Isovalent, a cloud-native networking and security startup, will be acquired by Cisco

Isovalent, a cloud-native networking and security startup, will be acquired by Cisco

The cloud-native security and networking startup Isovalent should fit in nicely with Cisco’s core networking and security strategy, the company announced this morning that it plans to acquire it. The purchase price was not split between the companies.

Together with Cilium, another open source project the startup created, Isovalent has contributed to the development of eBPF, a critical open source technology that provides developers with deep insight into the operating system layer, typically Linux but also Windows. The open source security visibility component of the company is called Tetragon.

The combination of these three components was previously supplied by a hardware appliance, but in the cloud world, Tom Gillis, senior VP and general manager of Cisco’s Security Business Group, notes that this is becoming more and more software-driven. “In a cloud world, boxes are still present, but they are hidden behind numerous software layers. Thus, he told TechCrunch, “eBPF and Cilium provide that visibility for cloud world.”

That specifically entails being able to observe all that transpires during an application’s network interaction and judging whether or not that appears normal. “What this allows anyone to do is to provide a very high level of visibility into the inner workings of an application. So when one little container is talking to another container, Cilium can intercept and see that traffic, and it can also see the inner workings of the OS itself,” he said. “So this becomes a platform that allows us to provide connectivity, like should this particular cluster talk to that particular cluster, yes or no. But also security inspection, like what are they talking about? Does this make sense? Does this thing look logical?”

It should be noted that Cilium serves as Google Kubernetes Engine, Google Anthos, and Amazon EKS Anywhere’s default connectivity and security component. A who’s who of major corporations, including Adobe, Bell Canada, Capital One, Datadog, Palantir, IKEA, and Sky, are also using it.
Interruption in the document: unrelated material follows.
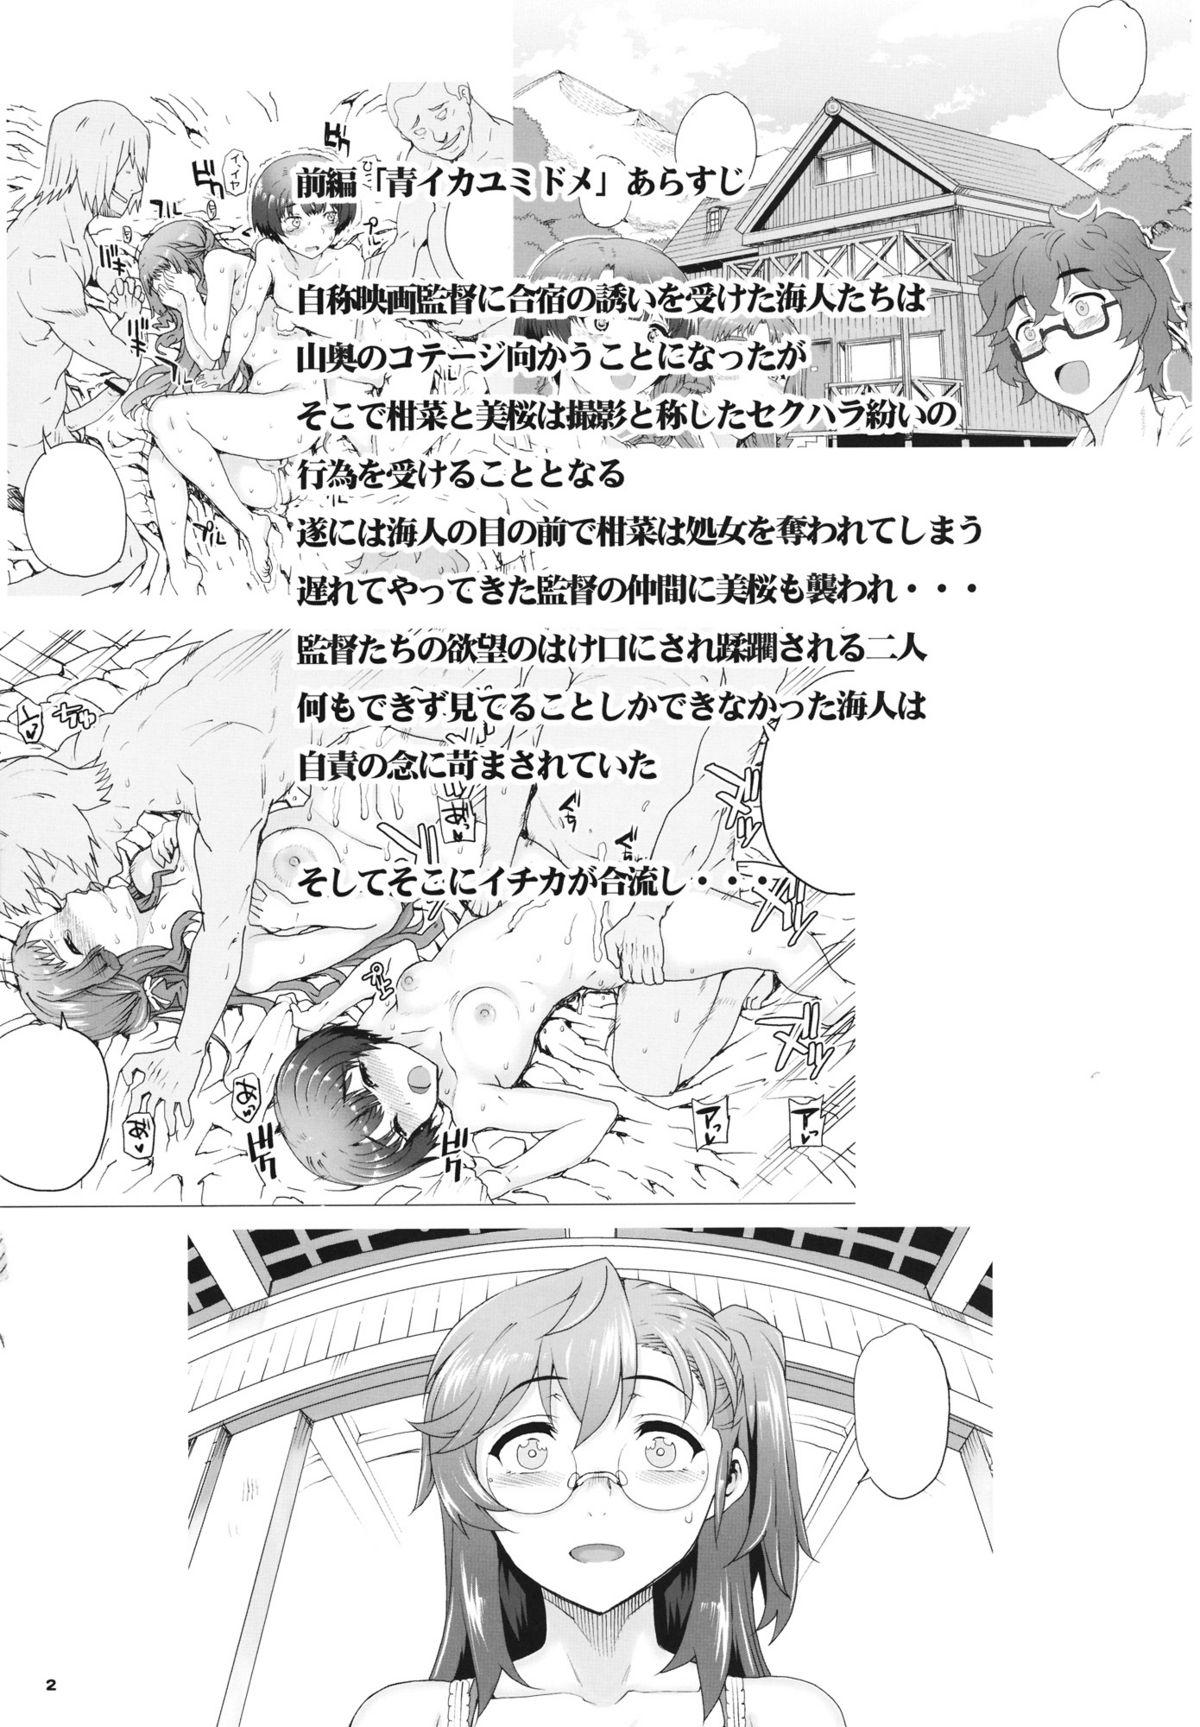 Roundass Akai Kayumidome - Ano natsu de matteru Exhib - Page 3

Purchasing a startup founded on well-known open source projects like this is always problematic, and it may raise concerns in the community as well as among the larger businesses that have grown reliant on this software. Isovalent is a major code contributor and holds important positions at the eBPF Foundation and the Cloud Native Computing Foundation (CNCF). However, Gillis asserts that it is in everyone’s best interest for the open source components to succeed as a standard moving forward.

“In order for that to happen Cilium and eBPF need to thrive, and so the community needs to continue to embrace them because the ubiquity of the standard is what makes it so powerful,” he said. Gillis sees it a lot like Kubernetes, which Google created and then open sourced. “I oftentimes say it’s the Kubernetes of the data path. It allows it’s an open standard that all can participate in, allows everyone to innovate on top of this platform, and build amazing products,” he said.